**SOURCE MATERIAL:**
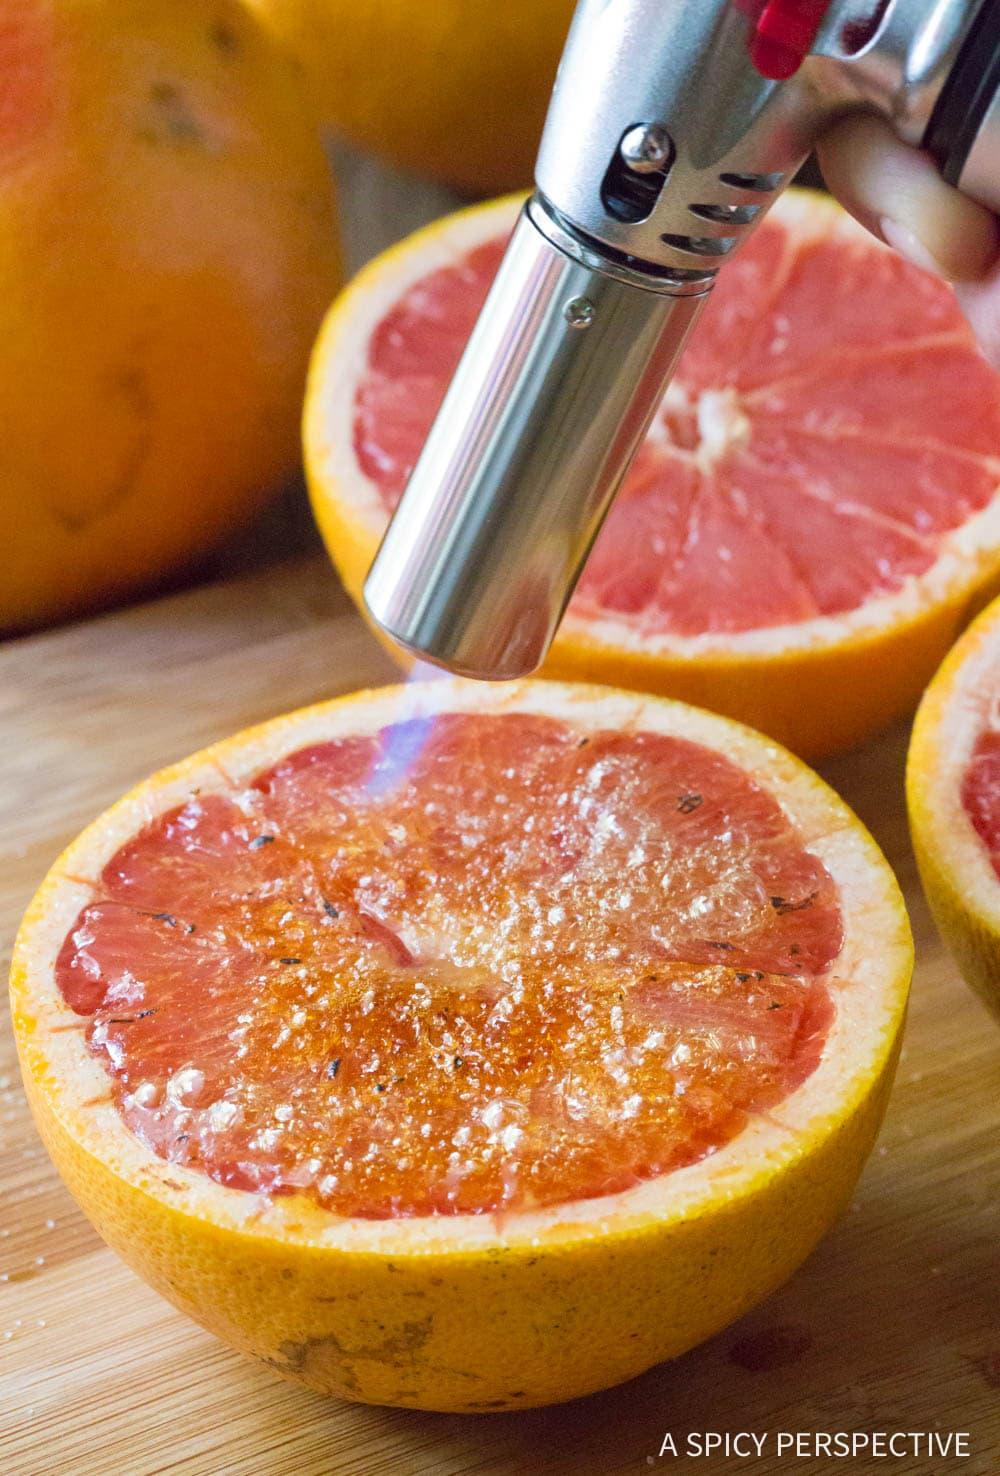 Torch: Bruleed Grapefruit (Pamplemousse Brûlé) Recipe #ASpicyPerspective #vegan #vegetarian #healthy
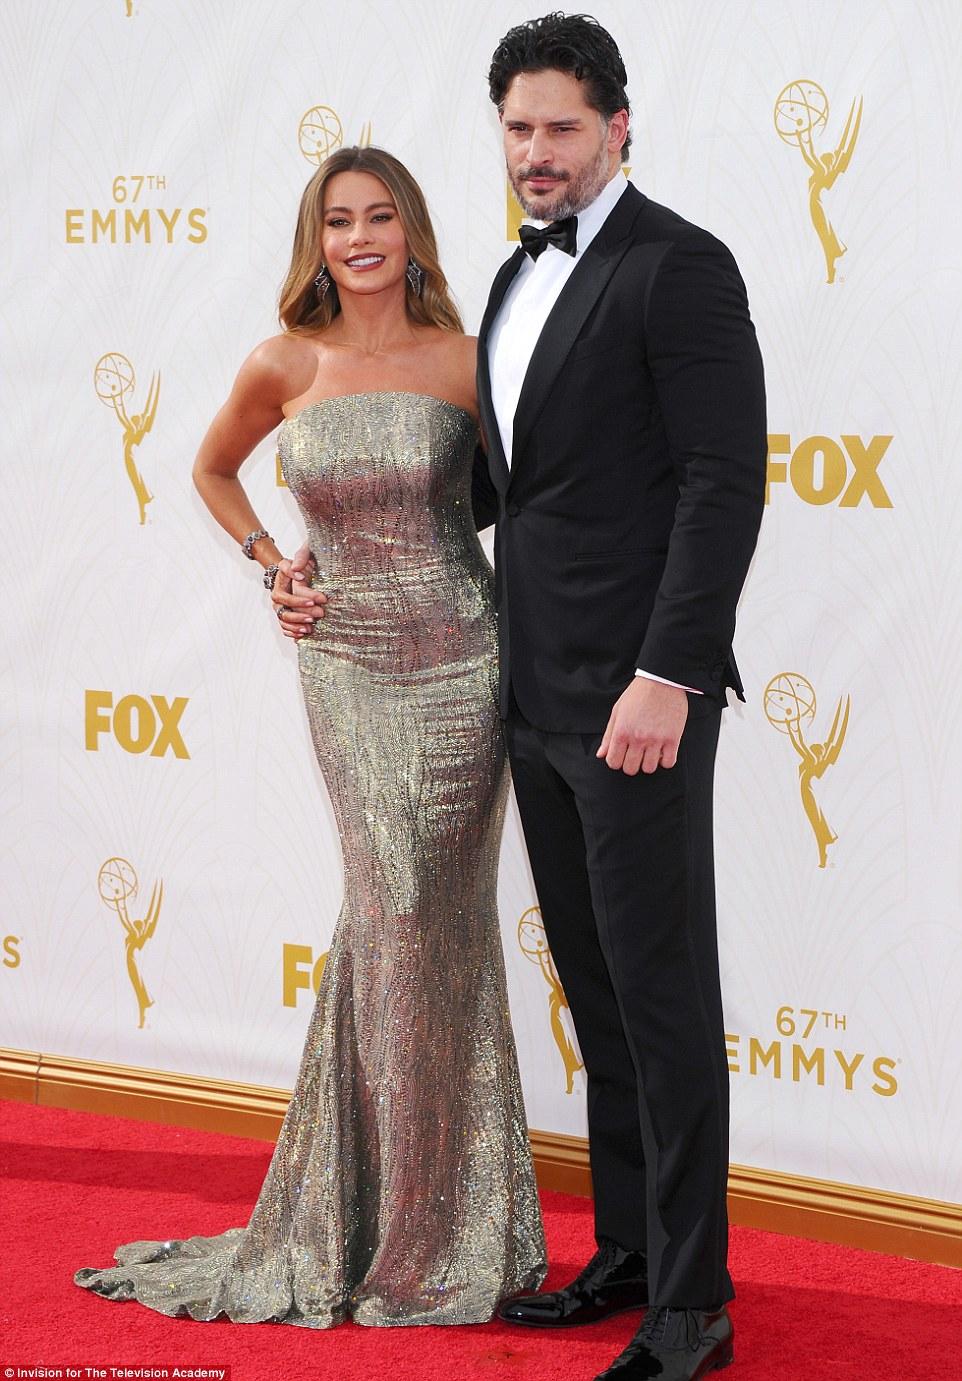 Wow factor: Sofia was accompanied by her handsome fiance Joe Manganiello
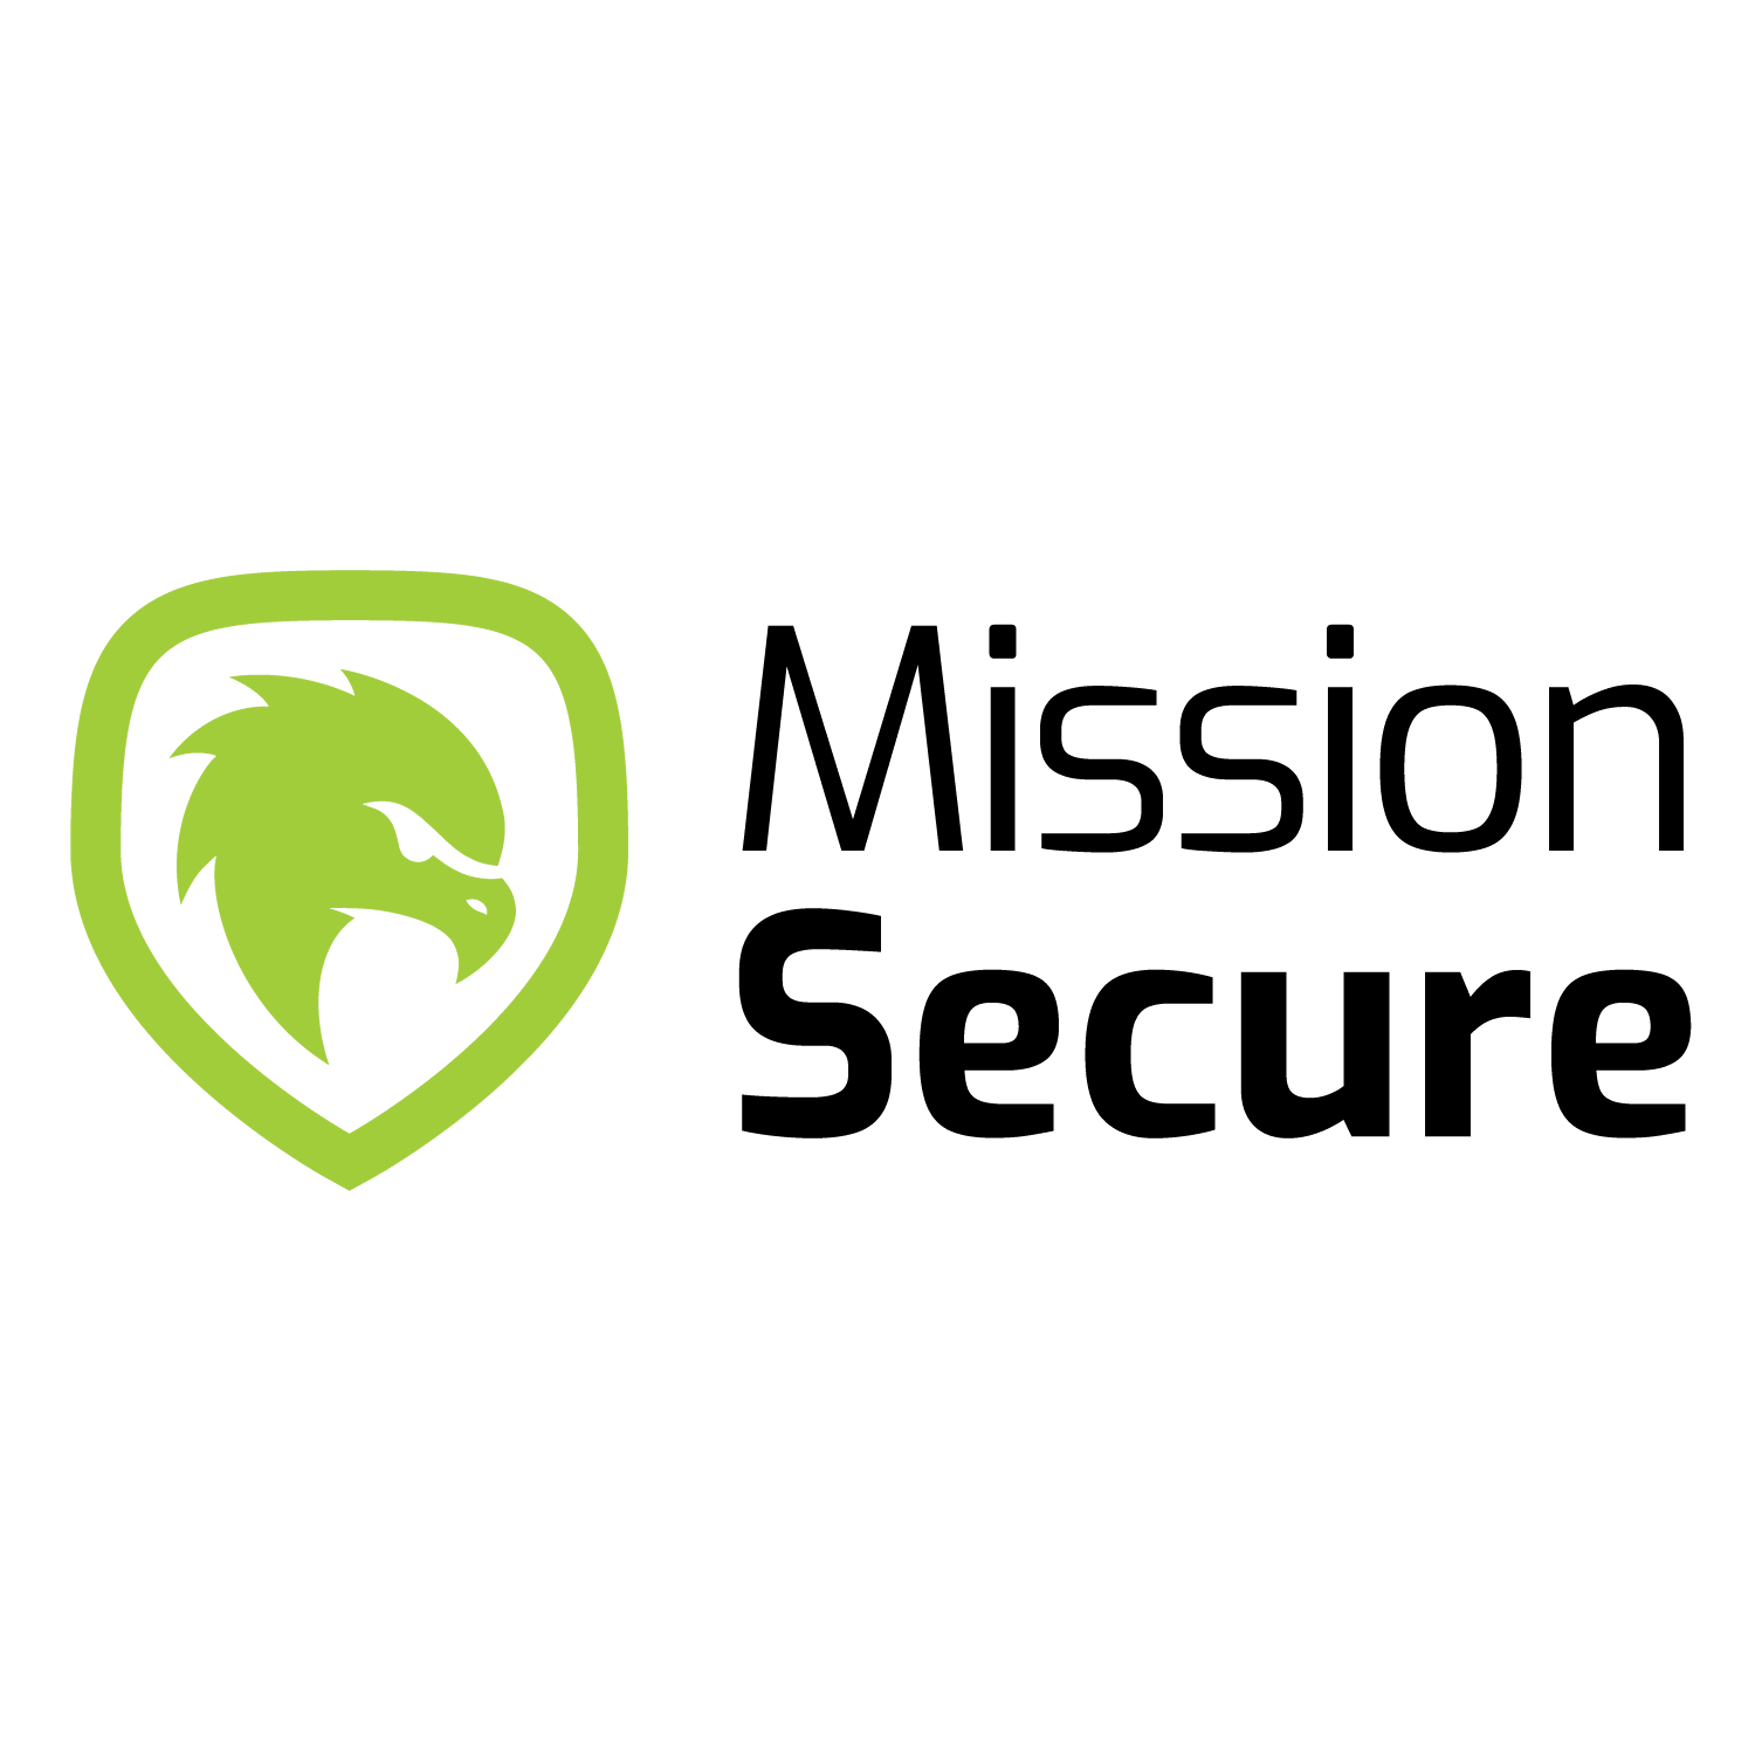 Mission Secure, Inc. logo

**TASK ITEM:**
For each line above, output its wording exactly and leave out any picture.

**SOLUTION FOR THIS EXERCISE:**
 Torch: Bruleed Grapefruit (Pamplemousse Brûlé) Recipe #ASpicyPerspective #vegan #vegetarian #healthy
 Wow factor: Sofia was accompanied by her handsome fiance Joe Manganiello
 Mission Secure, Inc. logo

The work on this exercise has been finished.